'''

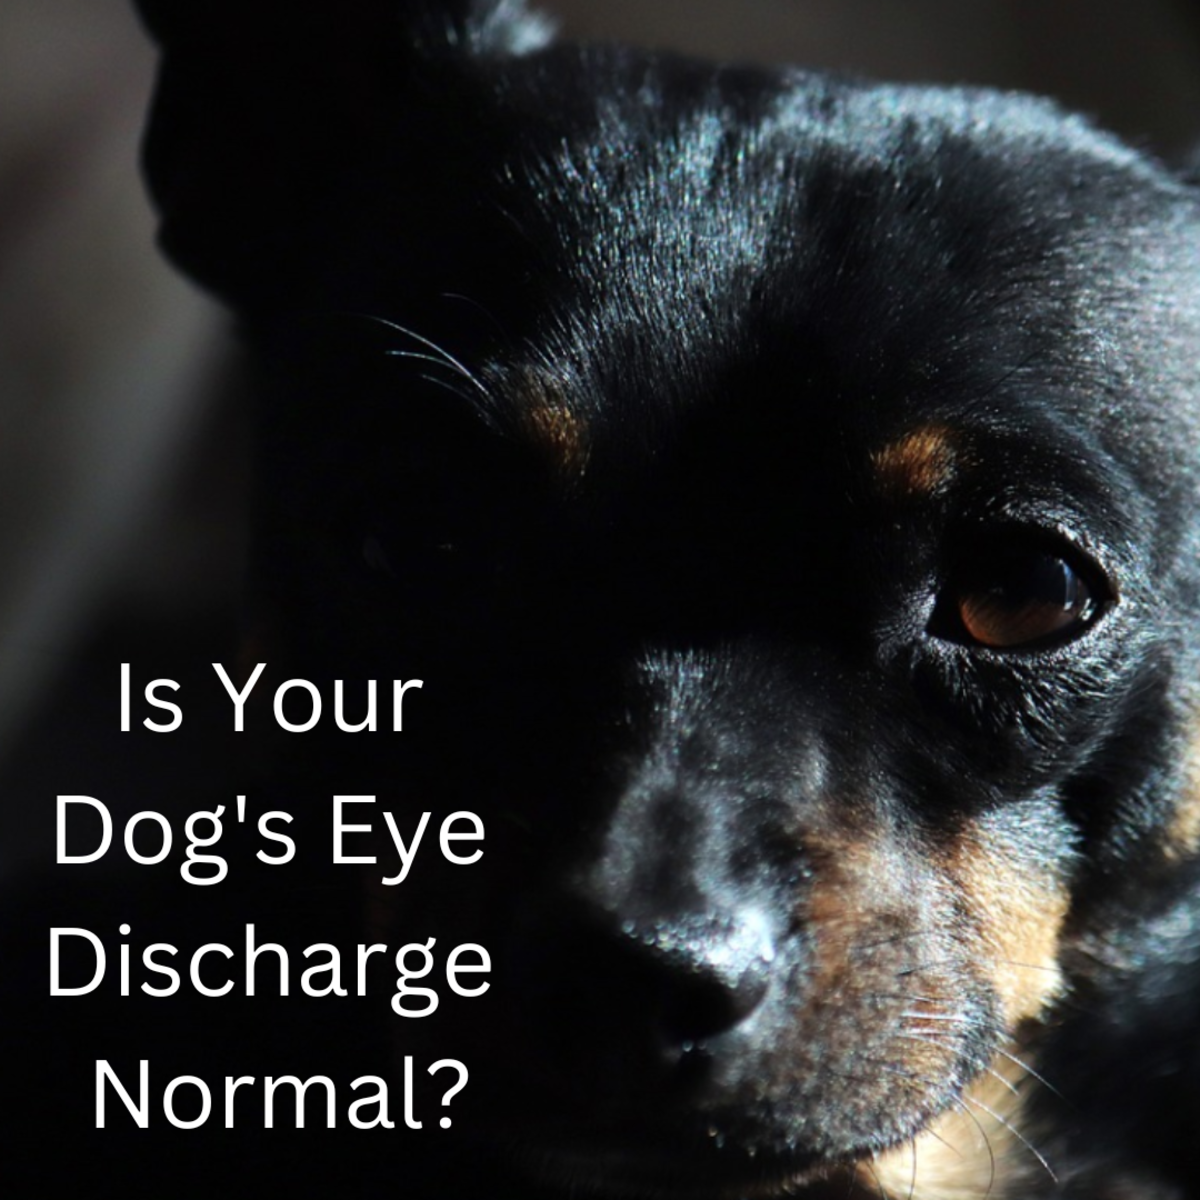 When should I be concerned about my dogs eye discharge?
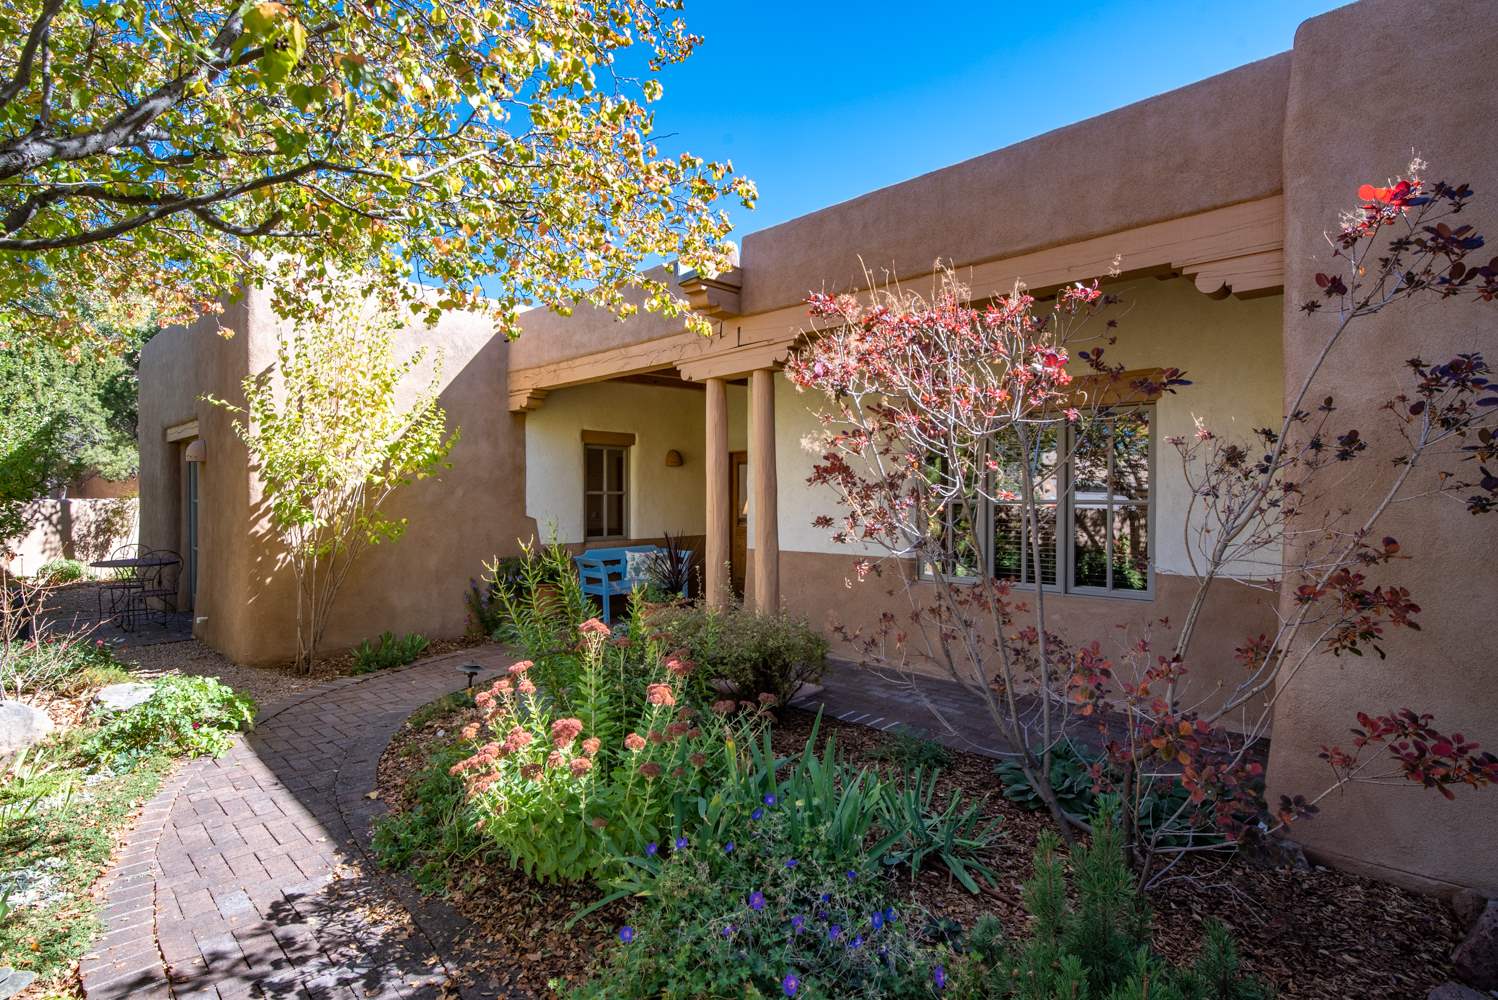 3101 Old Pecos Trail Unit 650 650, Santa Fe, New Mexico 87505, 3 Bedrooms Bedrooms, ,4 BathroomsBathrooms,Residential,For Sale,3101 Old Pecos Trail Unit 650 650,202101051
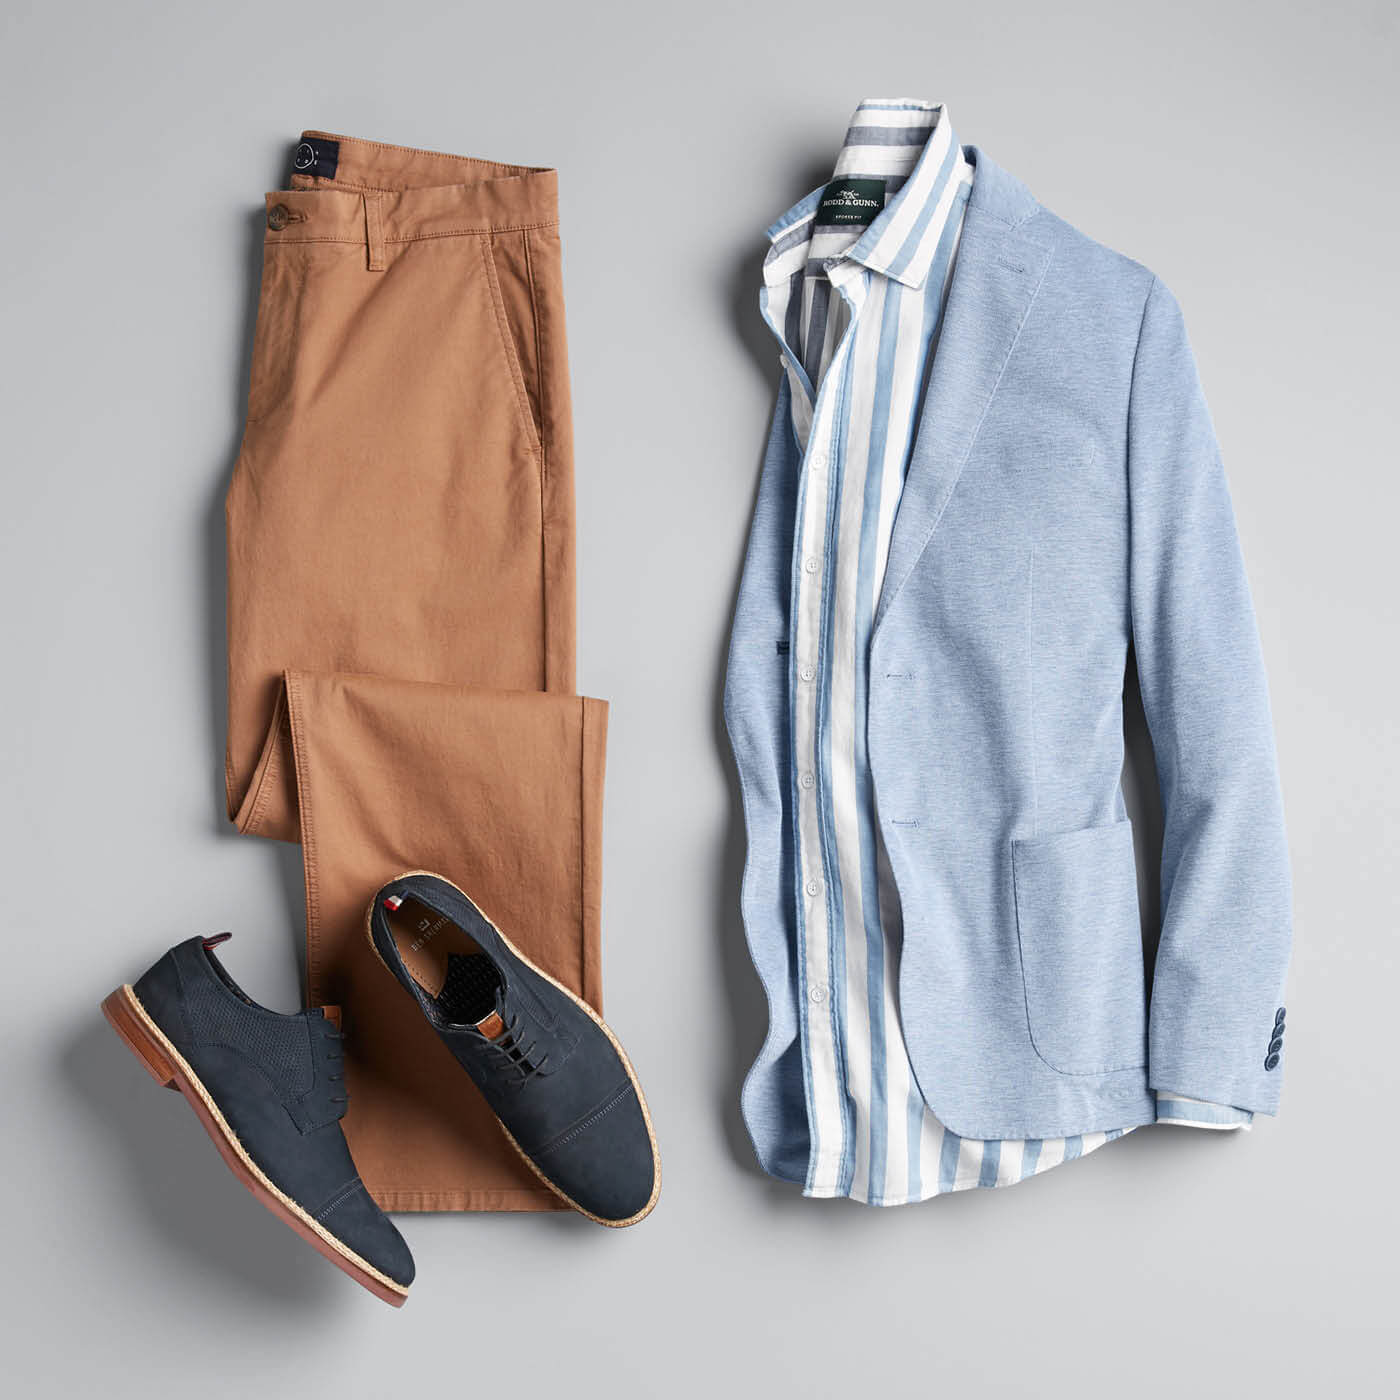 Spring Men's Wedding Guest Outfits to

'''
'''

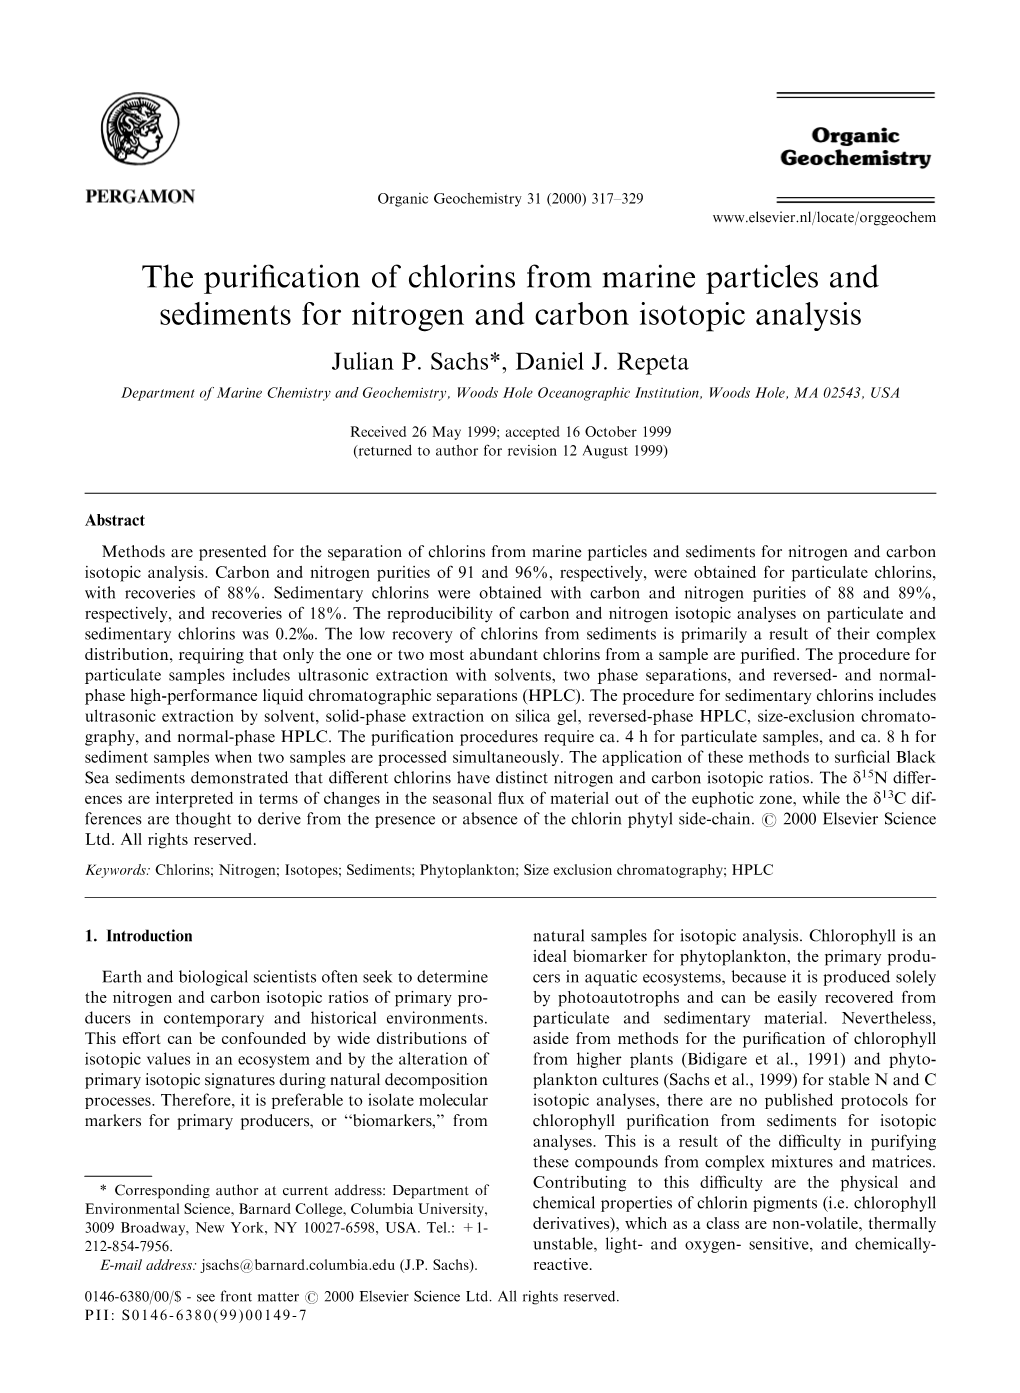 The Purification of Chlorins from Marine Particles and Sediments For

'''

◆ Task objective
Starting with the line that contains "3101 Old Pecos Trail Unit 650 650, Santa" and finishing with the line that contains "Spring Men's Wedding Guest Outfits to", reproduce every line of the material above exactly, but not the pictures.

◆ Task answer
 3101 Old Pecos Trail Unit 650 650, Santa Fe, New Mexico 87505, 3 Bedrooms Bedrooms, ,4 BathroomsBathrooms,Residential,For Sale,3101 Old Pecos Trail Unit 650 650,202101051
 Spring Men's Wedding Guest Outfits to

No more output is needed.